A promotion-rule bug (the cost-λ boundary)
The clearest example was a bug in the promotion rule. At one point deliverable_finish_guard got promoted even though it was worse than deliverable_landing_gate on every axis: lower pooled, lower all-pass, more tokens. It should have been rejected.
The cause was a stale number. The rule compared the challenger’s fresh cost-adjusted score against the incumbent’s stored score, but that stored score came from an earlier run with a different cost weight. The comparison was apples to oranges.
The fix is the rule now followed by update_frontier(): recompute the incumbent under the current weights, never trust a stored derived number. Copy-and-adapt also saved us. The mistaken promotion did no lasting damage because the finish-guard mechanism was carried into the next candidate and is still in the final frontier. A forgiving search structure absorbs some bad decisions.
Provider reliability as a first-class variable
Through a hosted router, infrastructure flakiness kept looking like model failure. Long rollouts (minutes each, up to a couple million tokens) hit stream drops, protocol errors, and rate limits, so we added provider failover and per-provider retries. The starkest case: Nemotron first scored about 1 out of 100 because the adapter did not retry a bare server error on the first turn. Most runs died at turn zero. A one-line fix turned “this model cannot do legal work” into a fair measurement.
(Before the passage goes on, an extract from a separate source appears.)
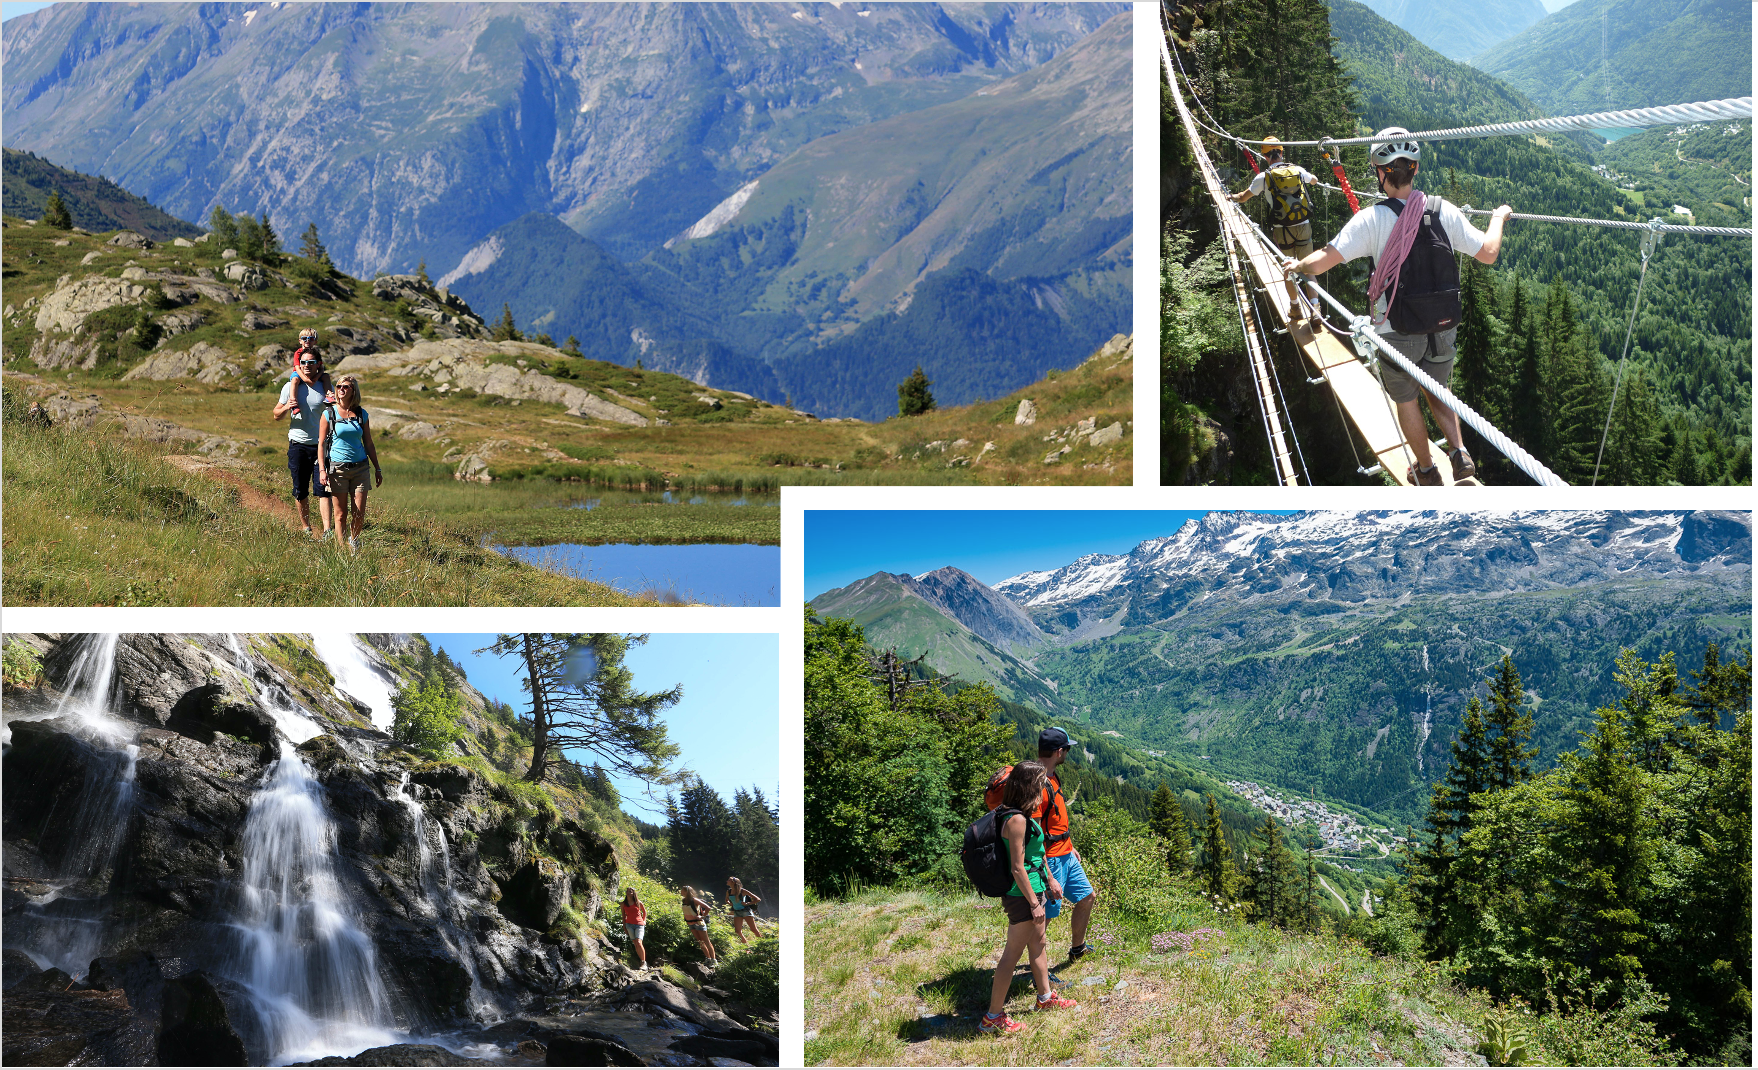 Vacances d'été : Vaujany, un  paradis en Isère Capture%20d%E2%80%99e%CC%81cran%202021-02-22%20a%CC%80%2012.09.16

That is why we re-ran transient provider failures before reporting test numbers. Every remaining zero should be a model or harness failure, not an infrastructure artifact.
Hardening the LLM as an optimizer
The proposer is a Claude subscription session that runs one to three hours per iteration. Keeping it alive took more work than expected. It auto-resumes on recoverable interruptions (session-limit resets, timeouts, transient server errors) and stops cleanly on unrecoverable ones, like an expired login. We learned that after losing three iterations to silent auth failures. A process-group kill prevents orphaned rollout subprocesses, and the leakage audit rejects any iteration that touched the held-out split.
An LLM optimizer needs the same operational hardening as any long-running distributed job: retries, idempotent resume, clean failure, and a guard against contaminating held-out data. Without that plumbing, the headline number would not hold up.